Dead Space is one of EA's best and biggest original IPs, and now to mark the release of Dead Space 2, the sci-fi survival horror franchise has made the leap to the portable screen. Dead Space for iOS charts an exclusive-to-the-App-Store prelude to the frightfest that is Dead Space 2. But does the visceral horror, suspense and thrilling action translate to the mobile screen? I took a look at the $9.99 Dead Space for iPad to see whether the game's managed live up to its 'console-quality' hype.

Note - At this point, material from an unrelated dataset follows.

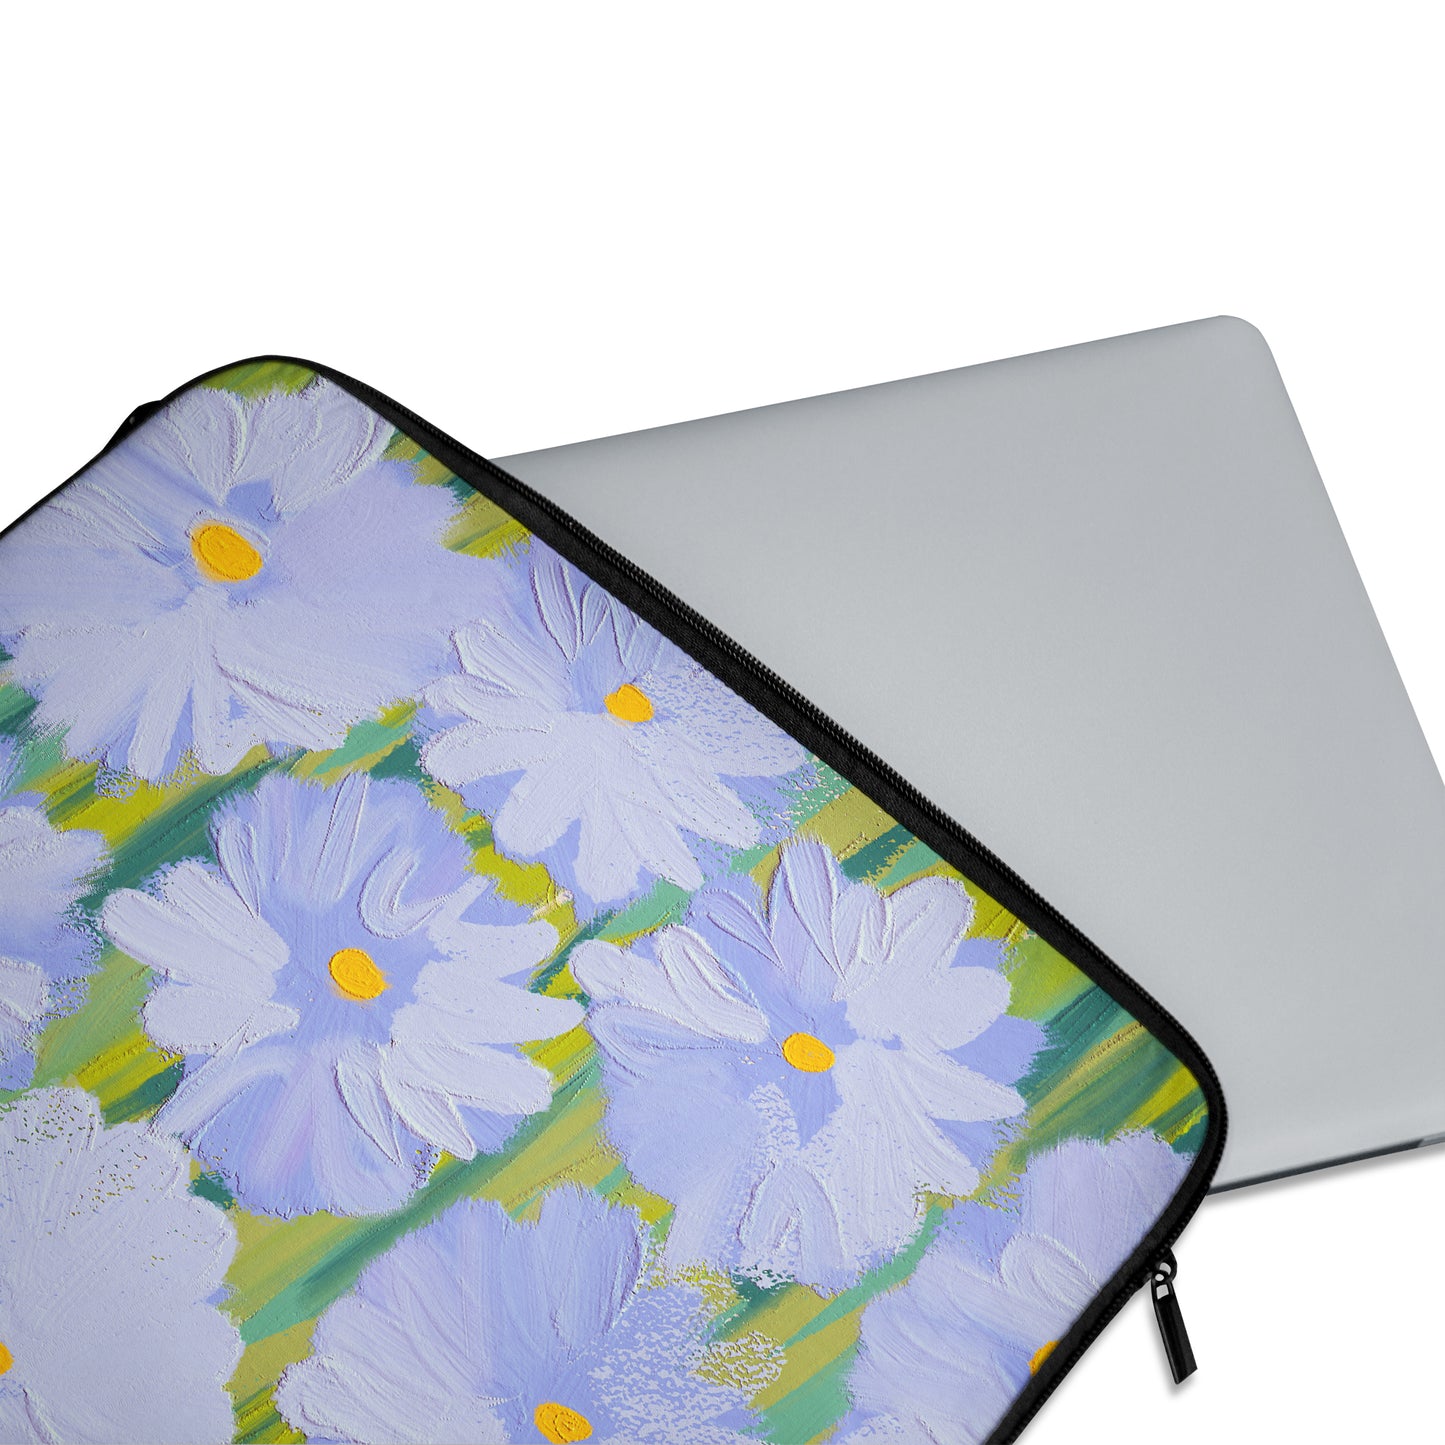 Painted Floral Art - Laptop Sleeve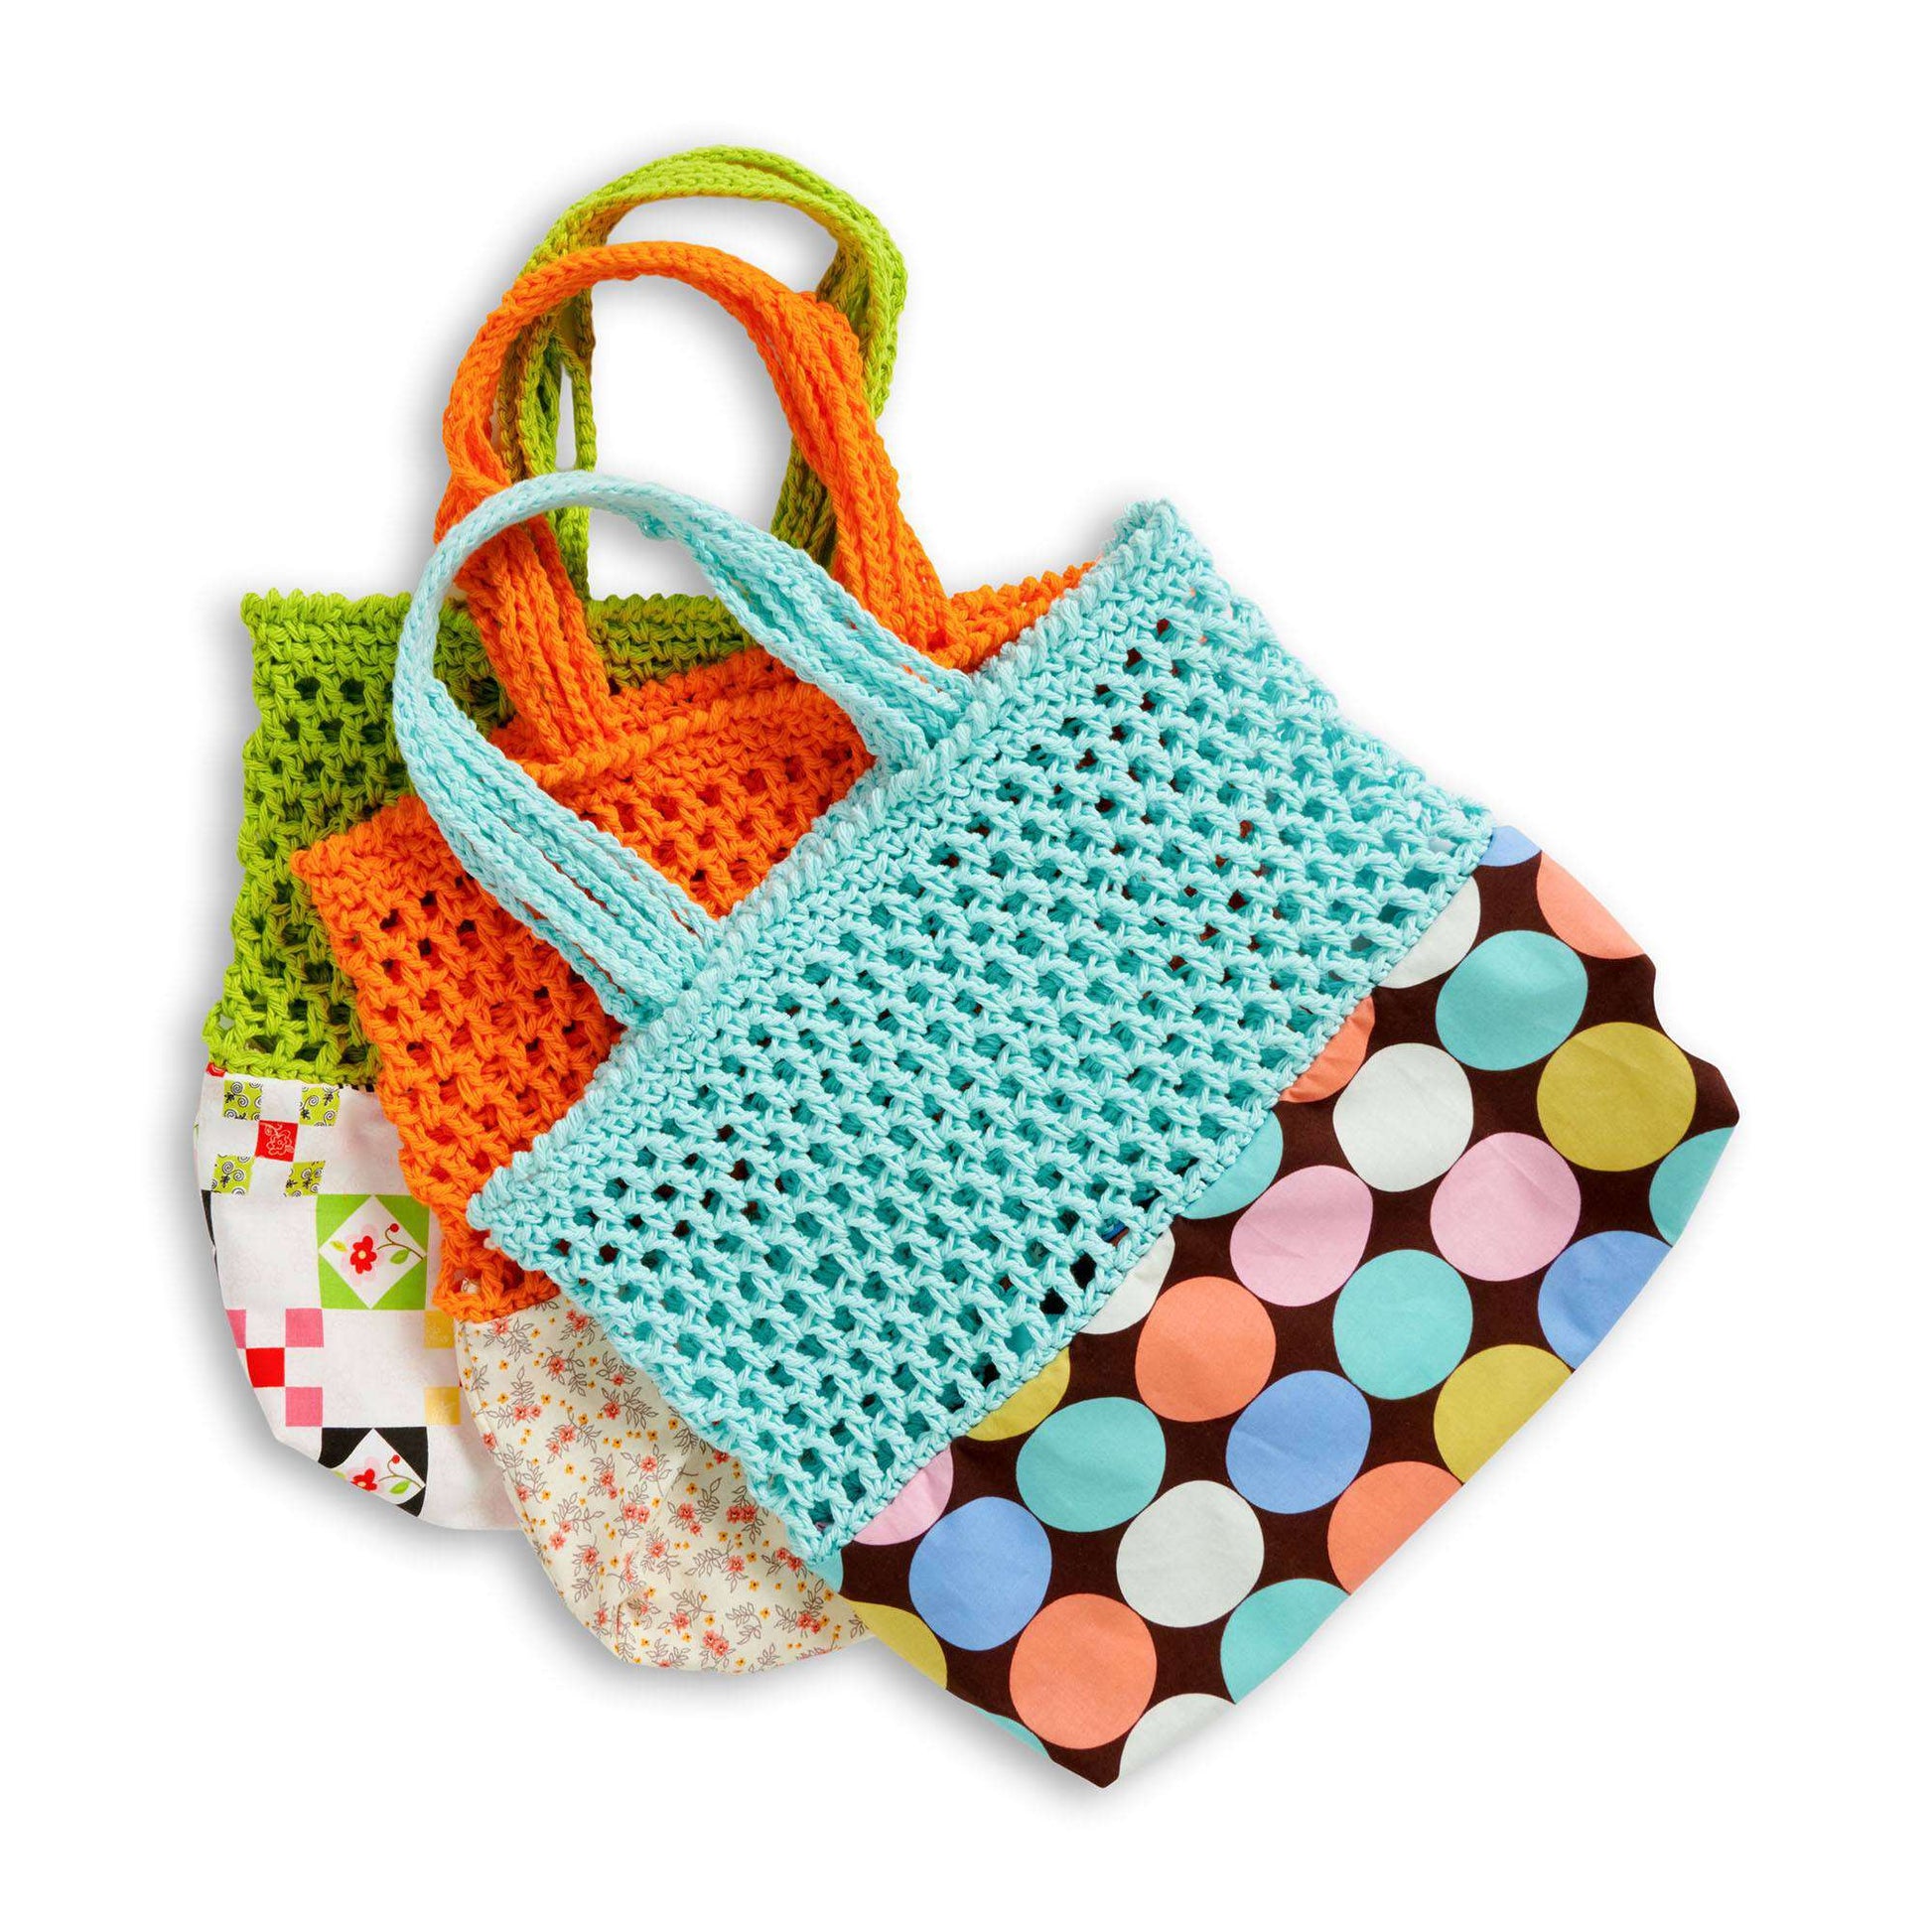 Lily Upcycle Crochet/Sew Market Tote Pattern | Yarnspirations

The game takes you through the last couple of days before the events of Dead Space 2. You take the form of an engineer going by the name of 'Vandal,' guided by the Church of Unitology and a naïve 'friend' on the radio. Your adventure kicks off with a little bit a sabotage, which inevitably ends horribly, setting off a chain of events that leads to you desperately fighting for your life against hordes of ravenous Necromorphs.

Luckily for Vandal, some of the fantastically creative weapons from the Dead Space universe have made the jump to the portable screen. Three Dead Space originals have made the cut, including my personal favorite the Remote Control Disc Ripper, plus two new weapons the Plasma Saw and Core Extractor. Just like the console game, you have to pick and chose the right weapon or ability for the job, otherwise you're going to end up being Necro-food.


Killing Necromorphs requires a bit more skill than blindly blasting away. Like its small screen brothers, you have to amputate limbs in order to kill that which wants to eat you. Thankfully the control schemes and game mechanics in Dead Space for iOS mean that after a little practice, you can be as good with the touchscreen as you could be with a game pad. There aren't many games on the App Store I've played that have managed that.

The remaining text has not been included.